The literature about PAPD points out that this is (subconsciously?) intentional and that this thinking about oneself and others is the bedrock on which all the passive-aggressive behaviors are built. Heck, it is the bedrock upon which all domestic abuse and violence is built.
So silly me, I tried having a rational conversation about this too. Why do I think he will hear me with a heart of good will when he is like this? That is about as likely as snowfall in July.
So he turned that around to say I was saying hateful, cruel things about him (pointing out his PAPD behaviors) but he loves me anyway. O. M. G. The therapist calls this the reptile brain and I see why.

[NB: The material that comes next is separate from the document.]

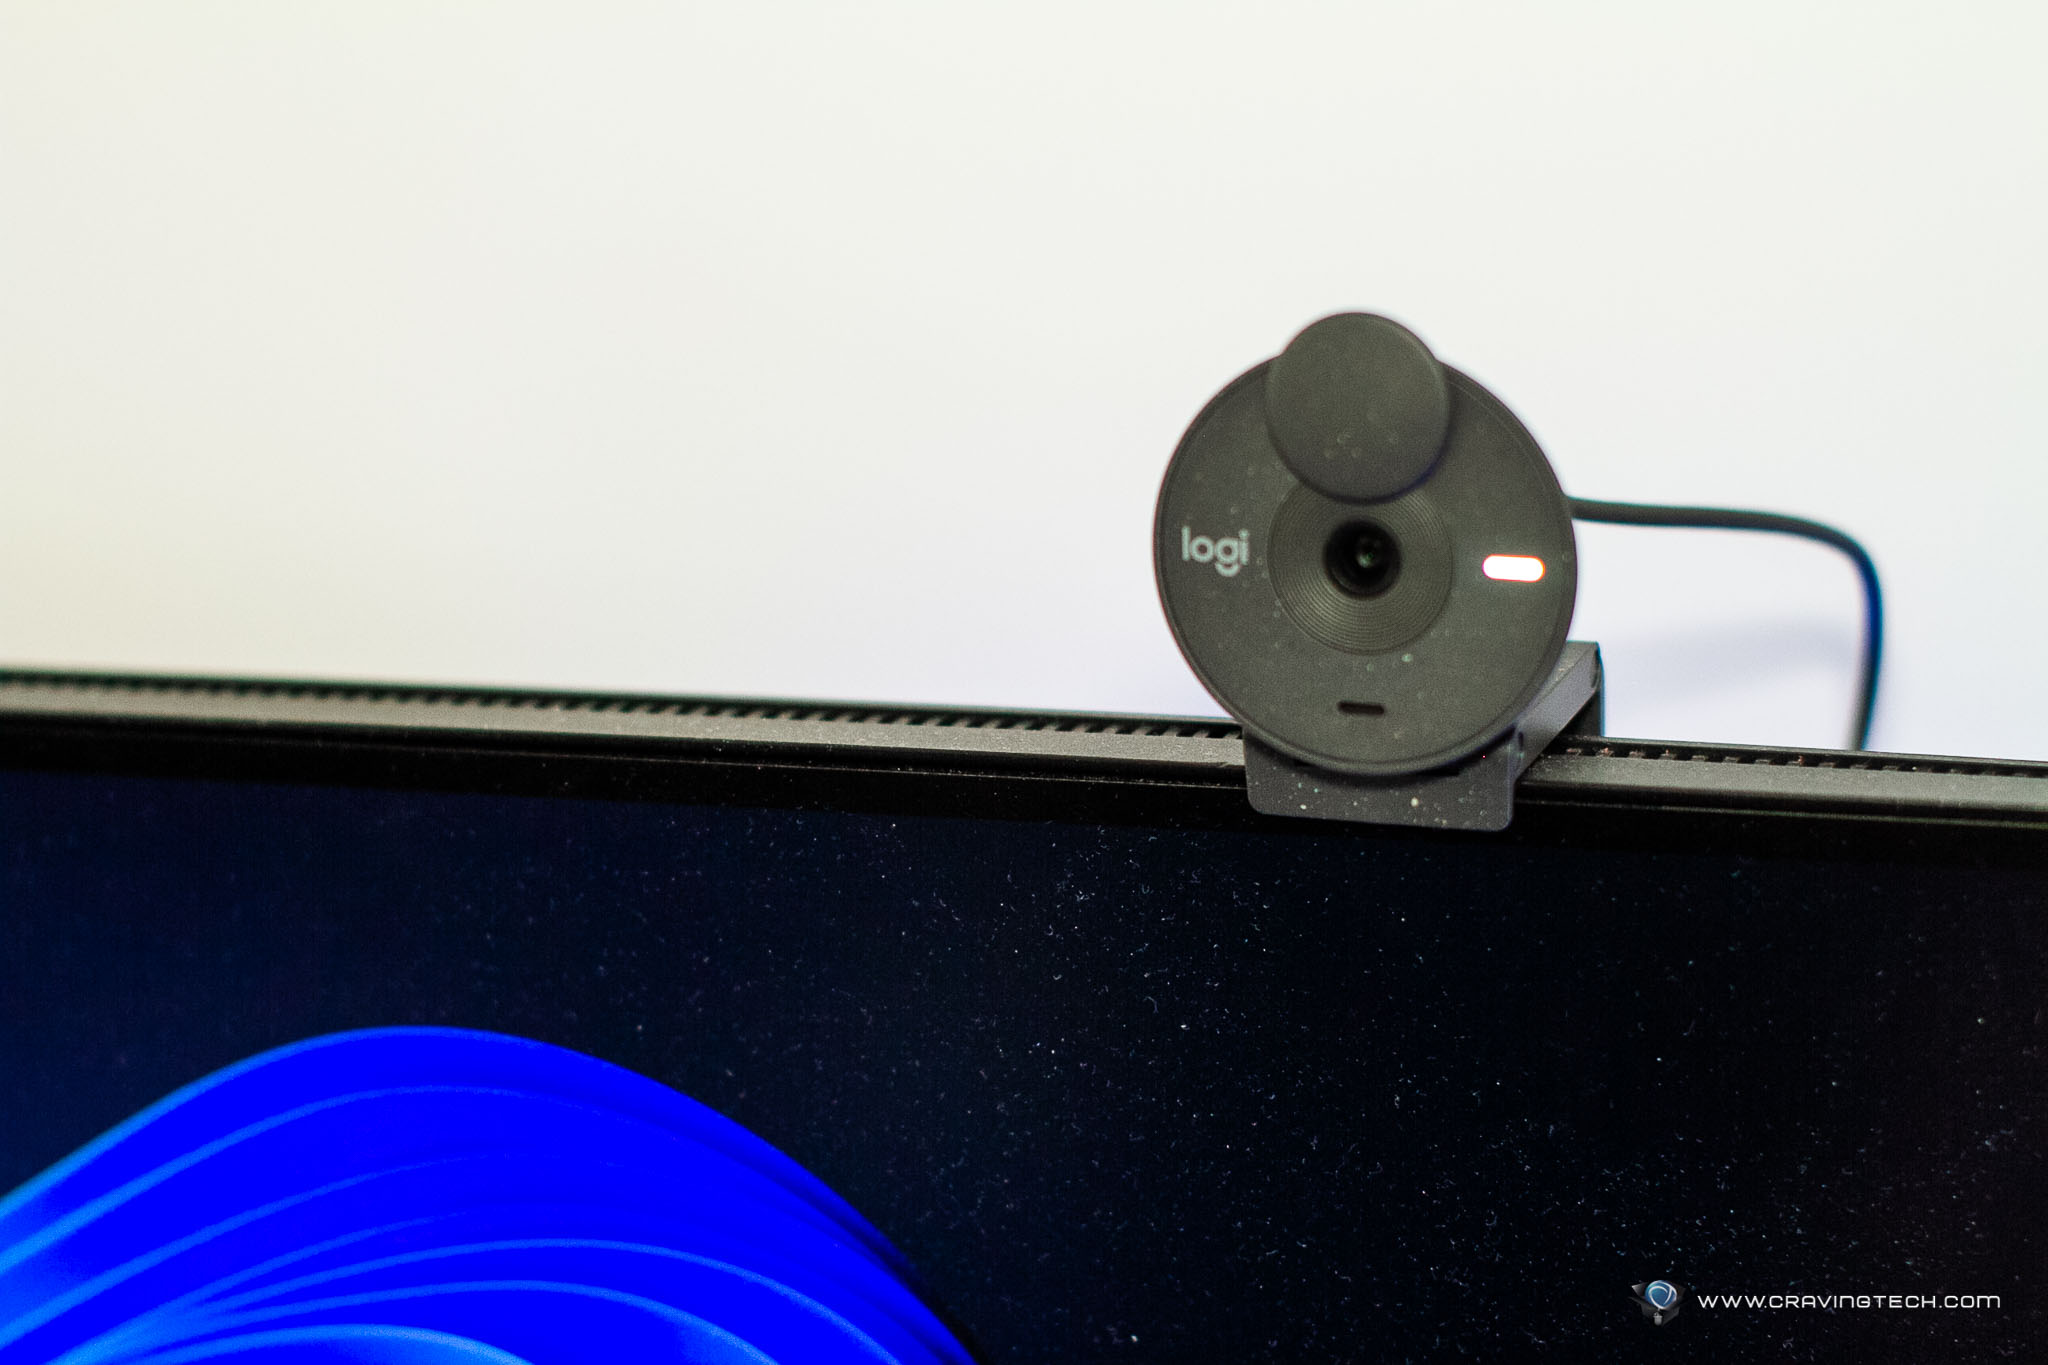 Logitech Brio 300 Review: A budget-friendly Webcam for video conferencing with decent quality

I might as well be talking to a reptile.
So, he is in a "time-out" right now, but barring some miracle of God all it really is a free pass to avoid dealing with his very real personality problems that are causing distress, pain and frustration to those he loves while indulging his ego. There was absolutely NOTHING humble or honest about his going to this "time out". He is attempting to use it as just another weapon that keeps intimacy and love from invading his life. Ugh.
Well, good news on my front. I am frustrated, but I have a plan. Go back on full dose of the anti-depressant immediately and make an appointment with the doctor next week to discuss the persistent personality problems that are accompanying these changes. That's my bottom line.
And if he chooses not to? At the very least, he will be sleeping on the couch. As to further consequences if he persists in misogyny/self-absorption/resentment? I don't know, but I know that God will be my strength and deliverance.